Margaret Beacham (née Moir; born 28 September 1946) is a British female former middle-distance runner. Her greatest achievement was a gold medal in the 1500 metres at the 1971 European Athletics Indoor Championships, where she held off Soviet athlete Lyudmila Bragina (Olympic champion a year later) to set a world indoor best of 4:17.2 minutes.

At national level, she first came to prominence with a runner-up finish in the mile run at the 1967 AAA Indoor Championships. She was runner-up again over 1500 m in 1970 before going on to win the national title in 1971, as well as an 800 metres title in 1971. She was twice a winner at the South of England Championships, taking the 1970 800 m title and 1500 m title in 1972.

Granddaughter of Gunner Moir, British Heavyweight Boxing Champion, who fought for the World title against Canadian Tommy Burns in 1907.

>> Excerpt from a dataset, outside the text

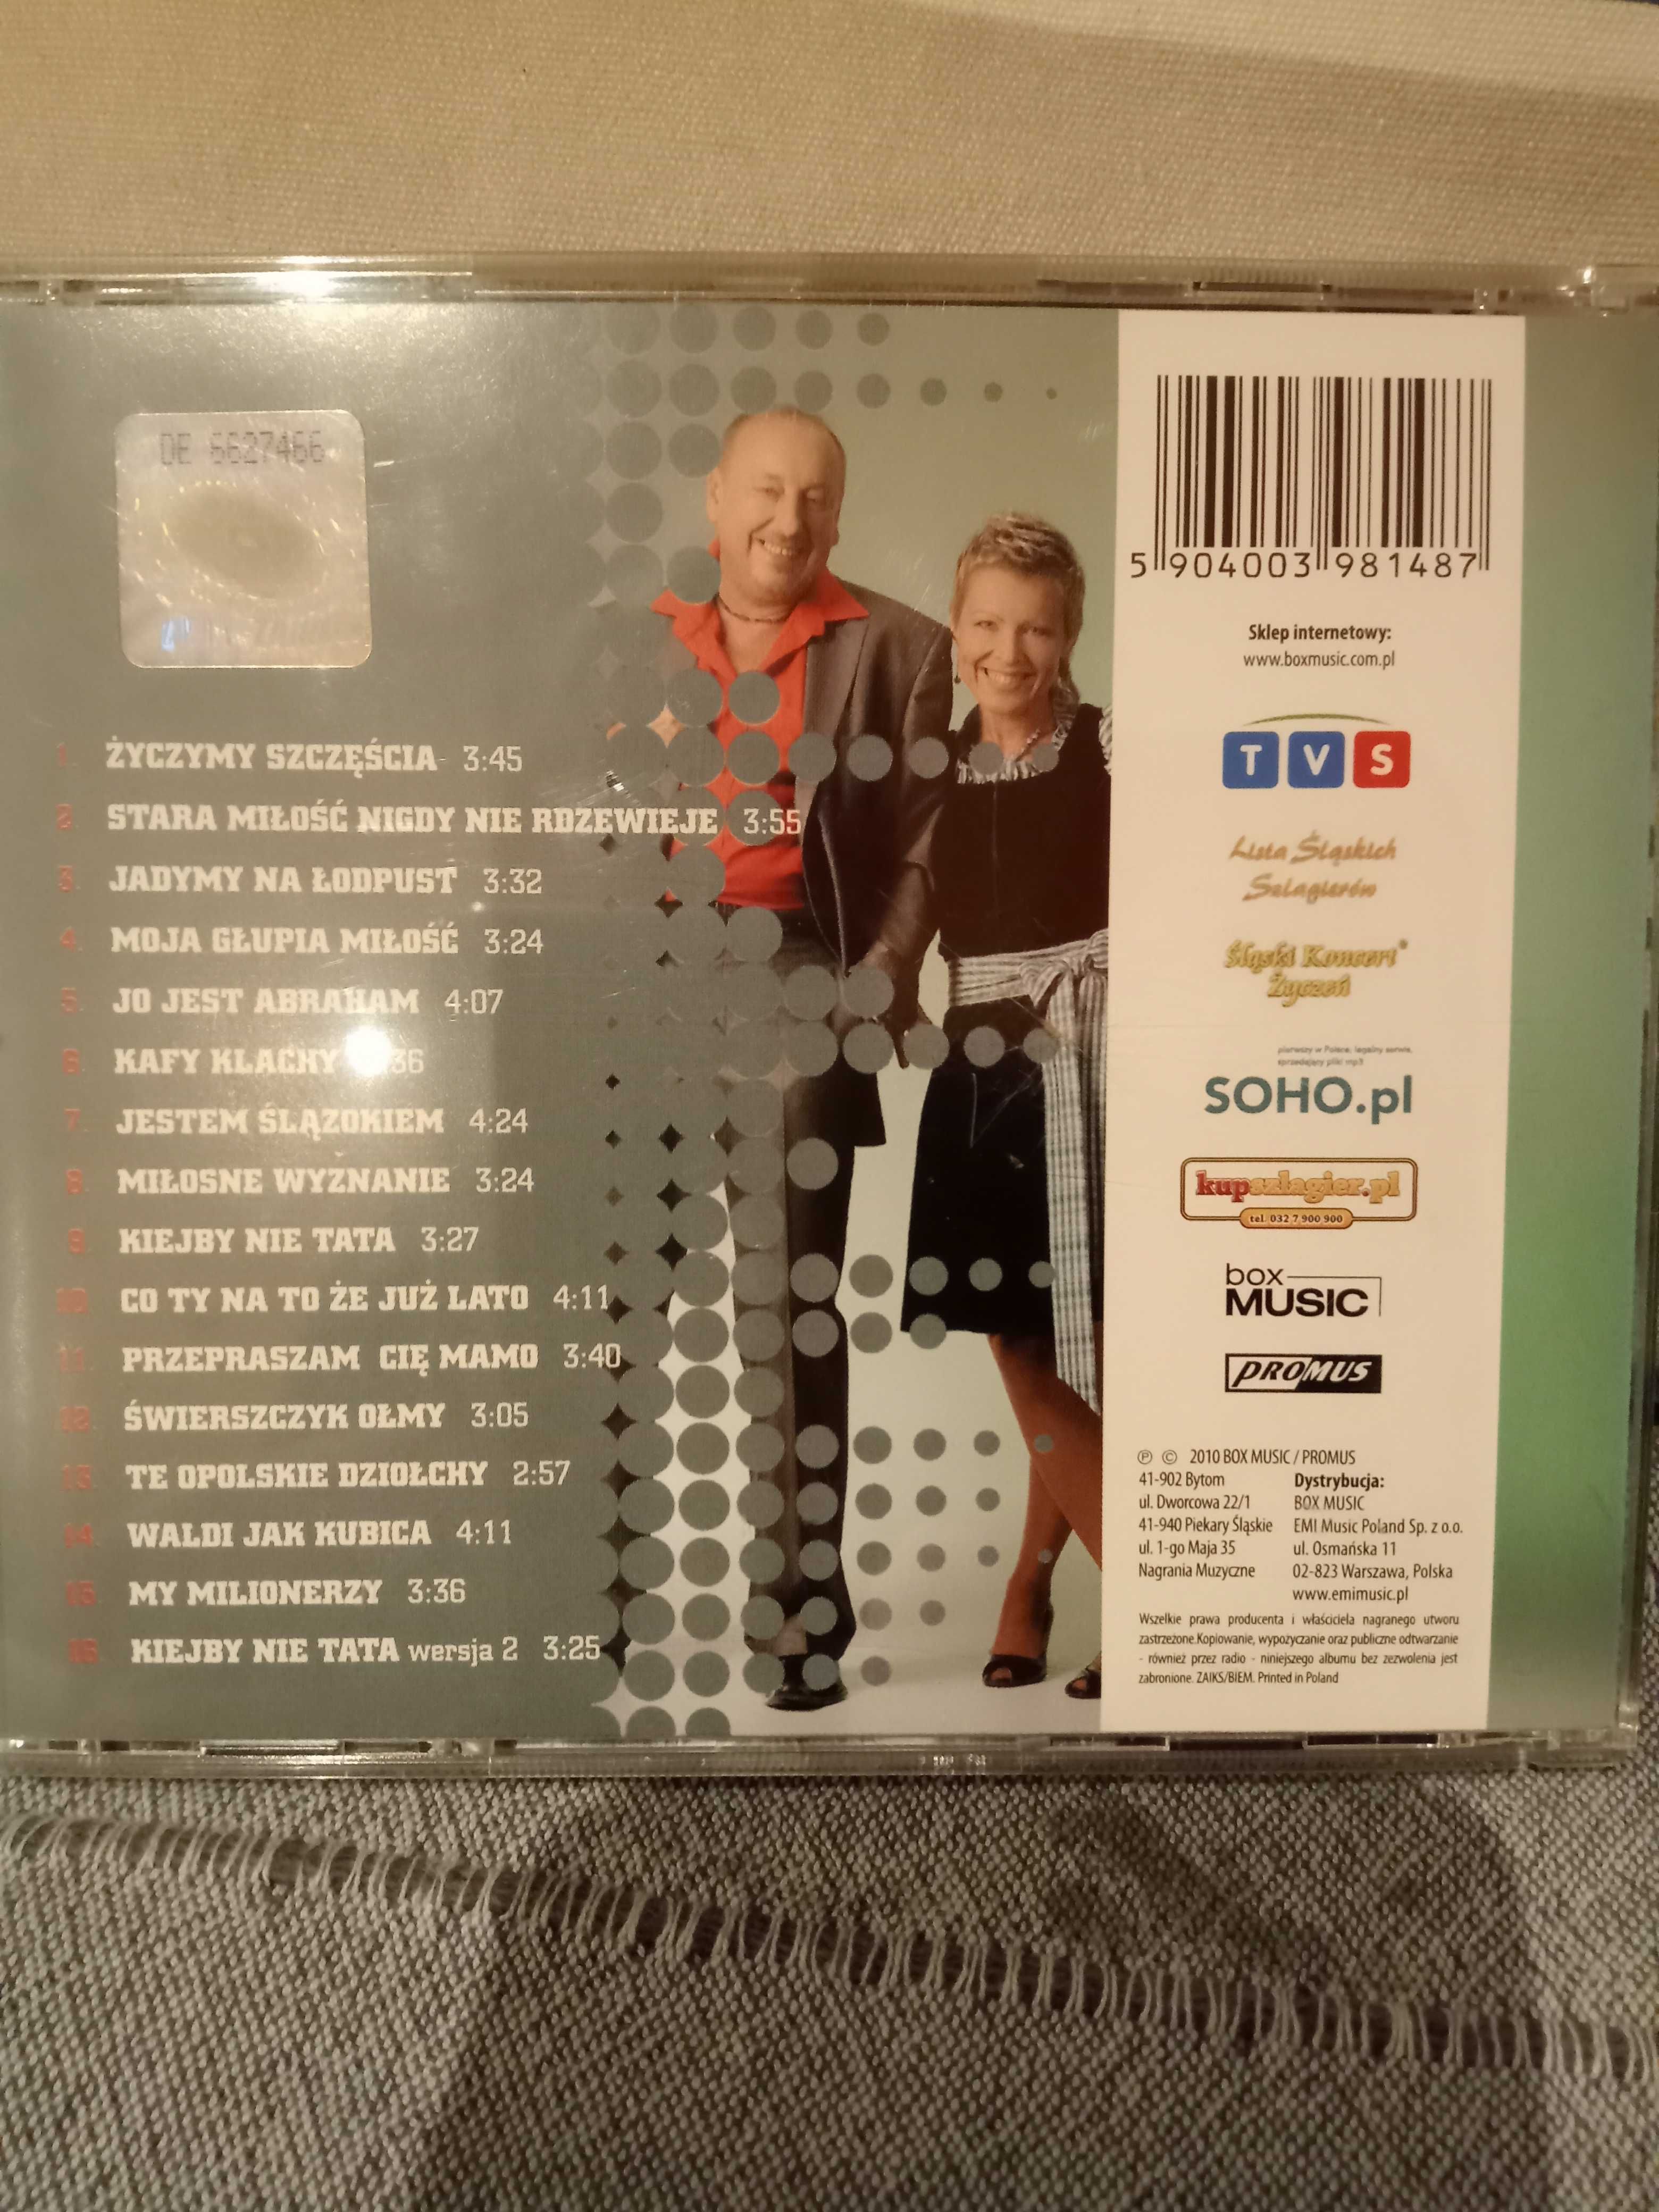 Duo Fenix płyta CD Spełnienie

==International competitions==
| 1971 | European Indoor Championships | Sofia, Bulgaria | 1st | 1500 m | 4:17.2 |

| Year | Competition | Venue | Position | Event | Notes |
|---|---|---|---|---|---|
| 1971 | European Indoor Championships | Sofia, Bulgaria | 1st | 1500 m | 4:17.2 WR |

==National titles==
- AAA Indoor Championships
  - 800 m: 1972
  - 1500 m: 1971

==See also==
- List of European Athletics Indoor Championships medalists (women)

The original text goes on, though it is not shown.